Big data has been getting a lot of hype as a revolution in database management. Actually, when you consider what goes into big data, you will realize that big data is the next logical step in database management. For decades companies have been gathering information in structured database formats for use in business intelligence. Database management has been responsible for archiving and accessing that data to get a historical picture of sales, profits, inventory, and other information structured using SQL or some similar database format. Big data now combines that structured data with unstructured data to expand the data set resulting in better insights.
The value of big data is its ability to integrate structured and unstructured data in the same analysis. Along with historical data and valuable structured information that is part of conventional database management, big data brings new unstructured information from social media conversations, email, documents, even graphics and video into the mix.
Adding Unstructured Data
According to Wikibon, unstructured data is growing faster than structured data. Big data analytics have proven that structured data has value. The challenge now is to take what we have learned from database management and incorporate unstructured data into the mix for analysis.
Unstructured data is defined as digital information that has no metadata and no classification data, i.e., no descriptors that make it suitable for conventional database management. Unstructured data can include video footage, images, PowerPoint files, file shares web data, log files, retail customer data, and a host of other types of digital information.

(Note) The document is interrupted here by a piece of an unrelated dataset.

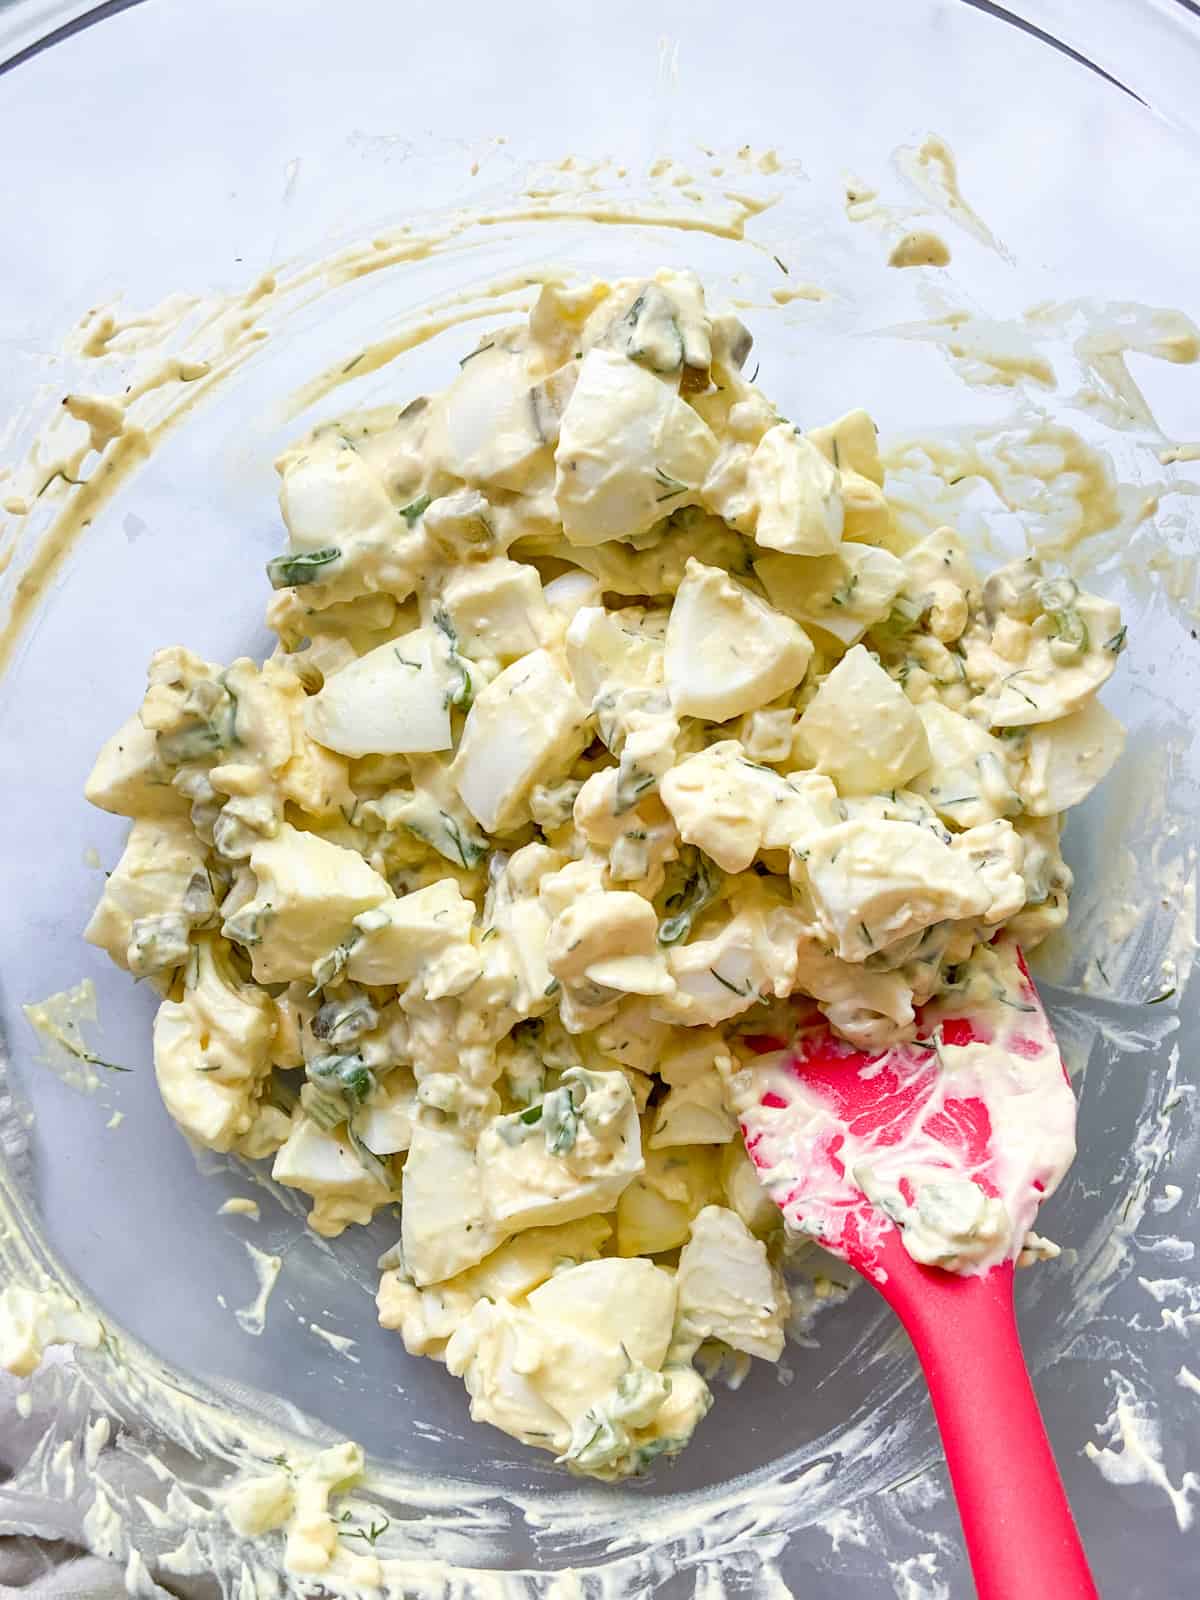 Completed egg salad in a large bowl with a spatula.

To bring unstructured data into big data requires:
bringing structure to the unstructured data with classification and metadata;
deduplicating the file system to avoid replication and ensure that data can be analyzed either in place or using the metadata; and
integrating the data into big data analytics.
In essence, the unstructured data is normalized and given structure so it can be included for big data analysis.
SQL, NoSQL, and Hadoop
When considering the big data software tools available such as NoSQL (not only SQL), its purpose is to normalize data in a way it can be used for analysis. NoSQL, for example, doesn’t exclude SQL databases but includes other types of data, making NoSQL scalable as well as non-relational. Hadoop is responsible for manageable the big data pieces by running applications on systems with thousands of nodes using a distributed file system.

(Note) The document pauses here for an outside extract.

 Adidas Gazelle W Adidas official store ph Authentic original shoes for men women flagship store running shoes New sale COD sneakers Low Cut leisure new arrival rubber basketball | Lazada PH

When you look at how relational database management (RDBMS), NoSQL, and Hadoop function it becomes clear how they work together.
RDBMS has been around for some time using SQL to handle simple transactions. It has worked for years because it adheres to ACID properties - atomicity, consistency, isolation, and durability – the elements that ensure that database transactions are handled reliably. With the coming of the web, we now have more data and more transactions than SQL can handle. RDBMS wasn’t designed to manage the volume of Amazon or eBay transactions, so now we are in big data territory.

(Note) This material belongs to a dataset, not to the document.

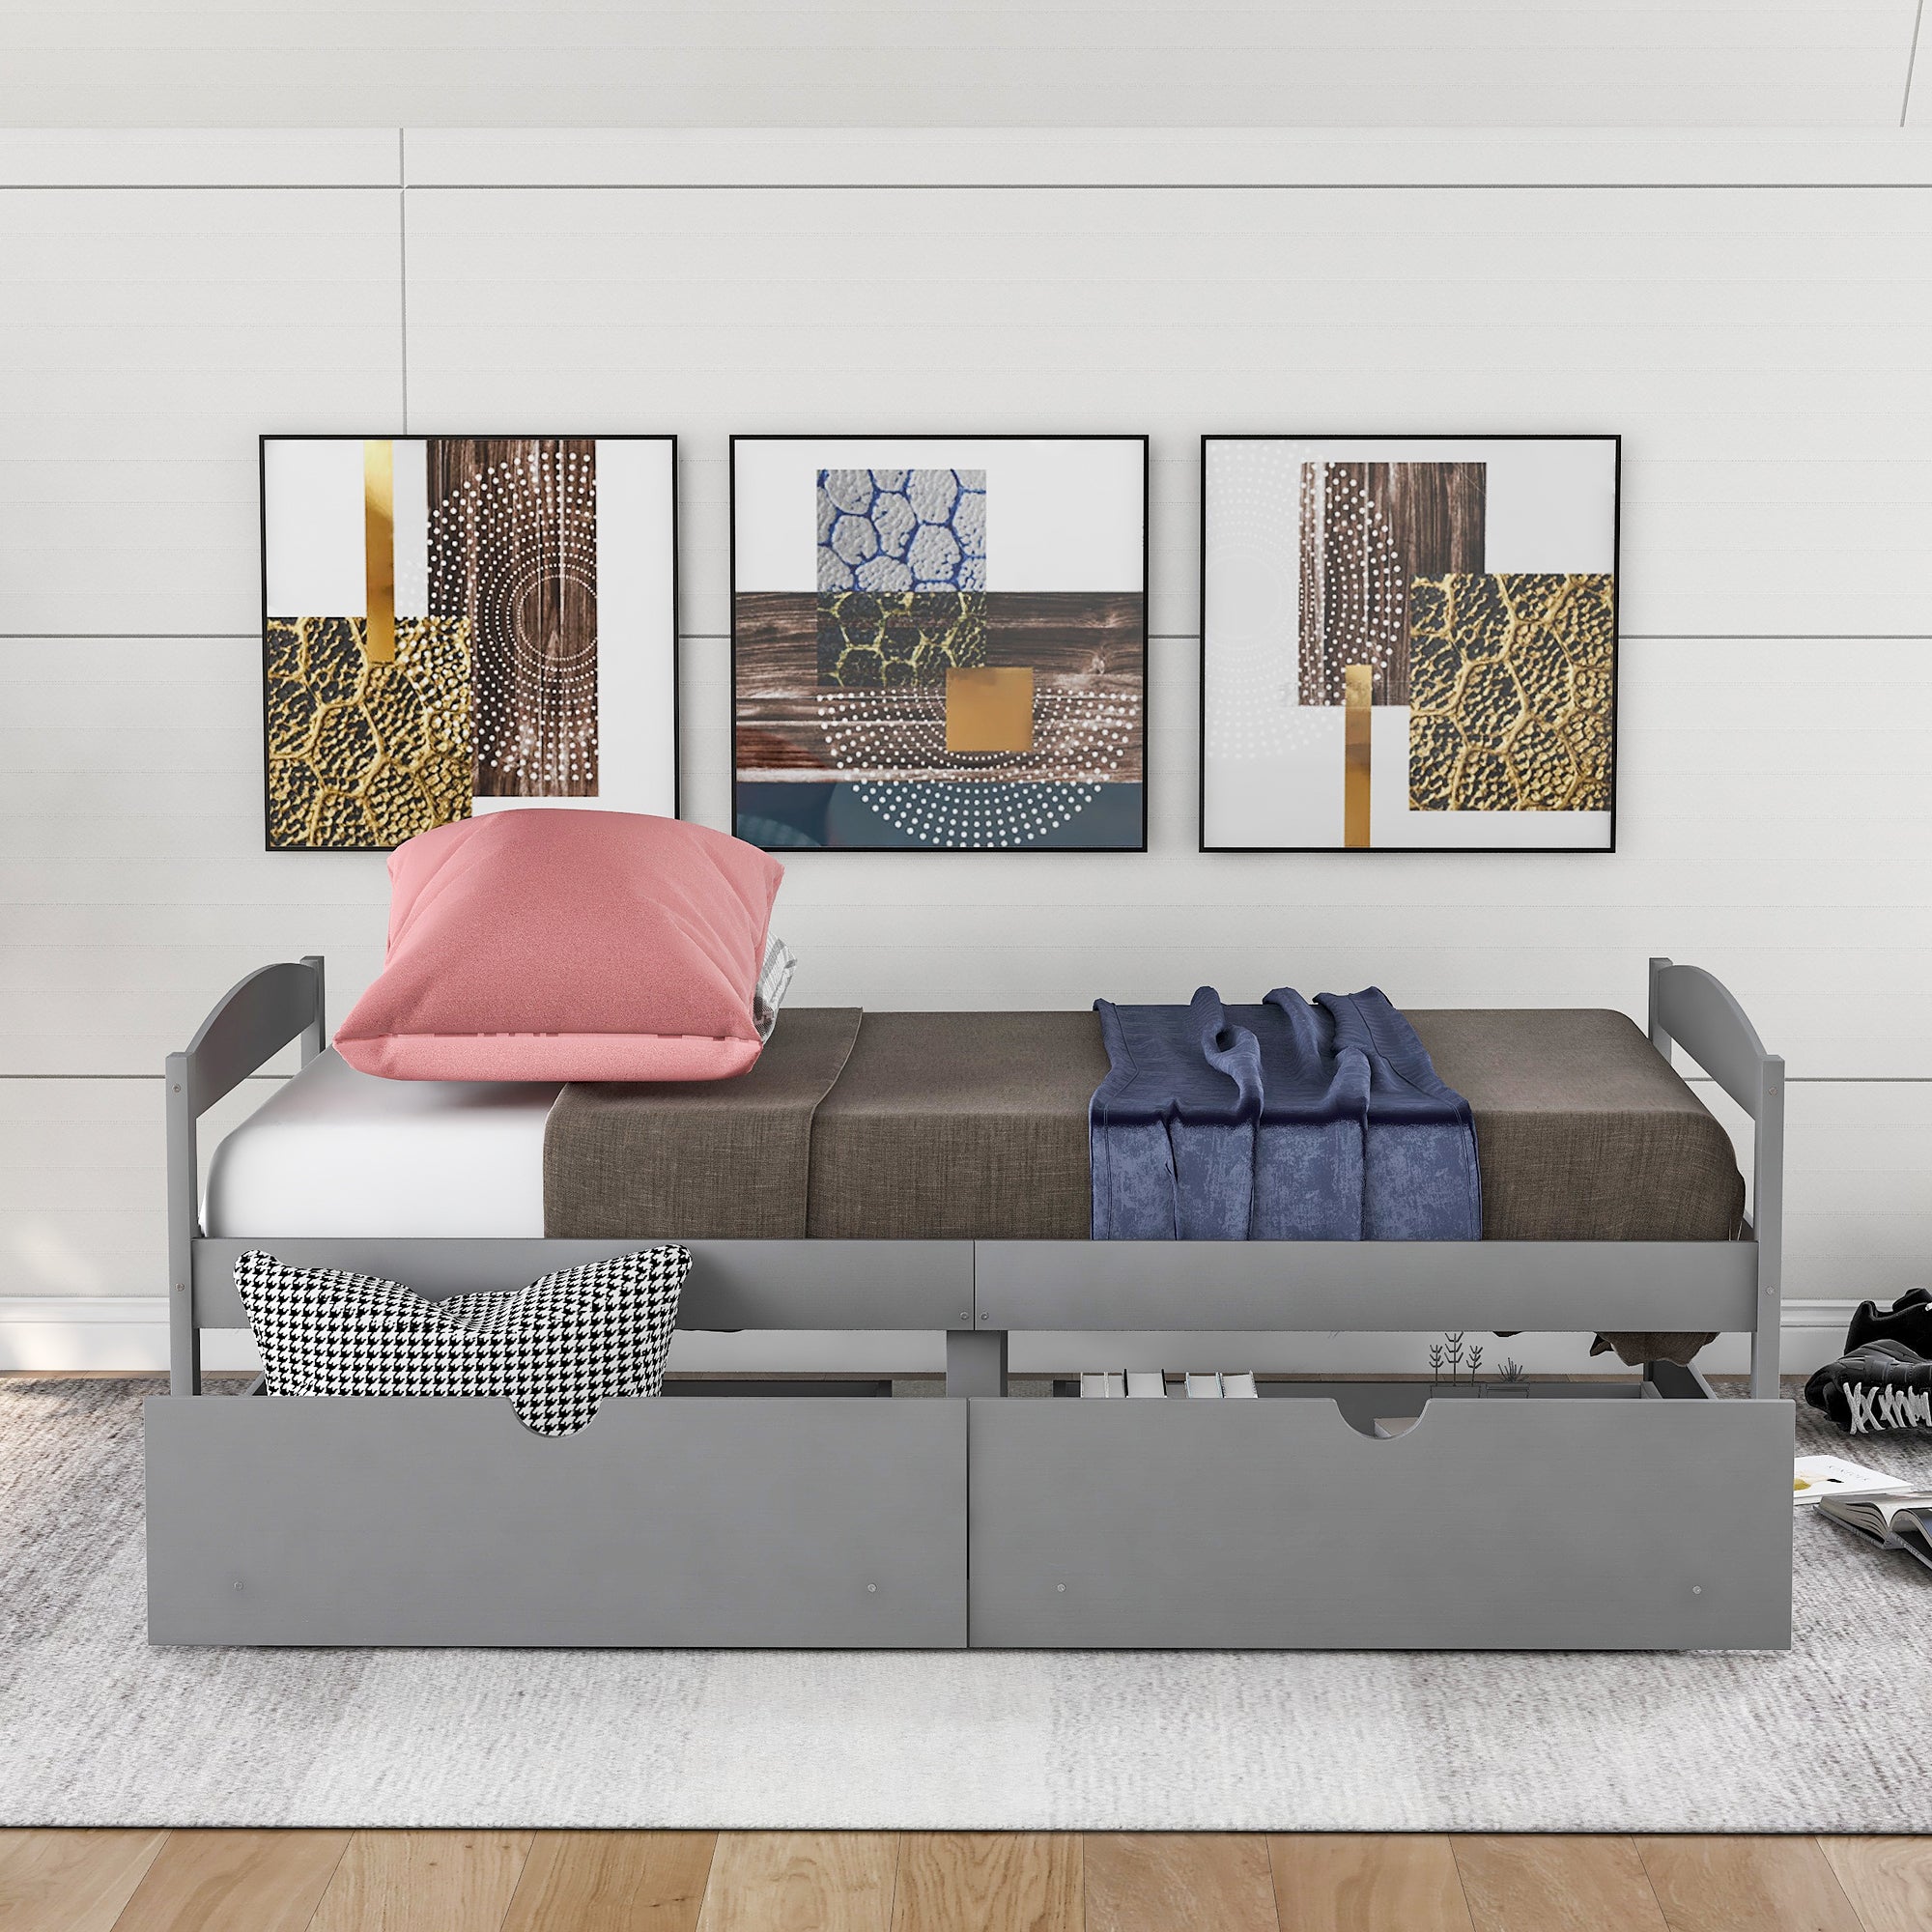 Twin Size Platform Bed with Two Drawers | Gray Finish | Space-Saving Solution

NoSQL addresses the problem of scale by relaxing the ACID principles. NoSQL applies the concept of eventual consistency. Since NoSQL is highly distributed, the consistency of the data will vary depending on the source of the data. Resolving consistency is pushed up to the application; if there isn’t newer information delivered to storage, the current information is considered correct. Eventually, all the records reflect the same data and the data is in sync and correct. The advantage to this approach is distributed scalability.
Hadoop is not a database system but a file system. Hadoop is an open source, scalable, and distributed file system that offers fault tolerance. Hadoop and MapReduce, which is the heart of Hadoop, provide a software framework that lets you write programs that access unstructured data across thousands of clustered network nodes. The scalability of the file system is what enables the “big” in big data.
Working together RDBMS, NoSQL, and Hadoop consolidate all the data required for analytics. RDBMS database management works on the data warehouse, extracting SQL data from the legacy database. NoSQL brings in additional unstructured and structured data that is delivered using a Hadoop-enabled file system. Once the data sources come together, the data is analyzed for specific patterns or trends that deliver new insights about market trends, customer preferences, business operations, and other information useful to business. The results are typically digested and presented in a graphic format programmed in R to make it easy to understand.
When you consider the end-to-end process, big data actually starts with database management and extends beyond the data warehouse, bringing in external sources and resources, many of which reside outside the firewall. Expertise in RDBMS is a solid foundation for building a robust big data business.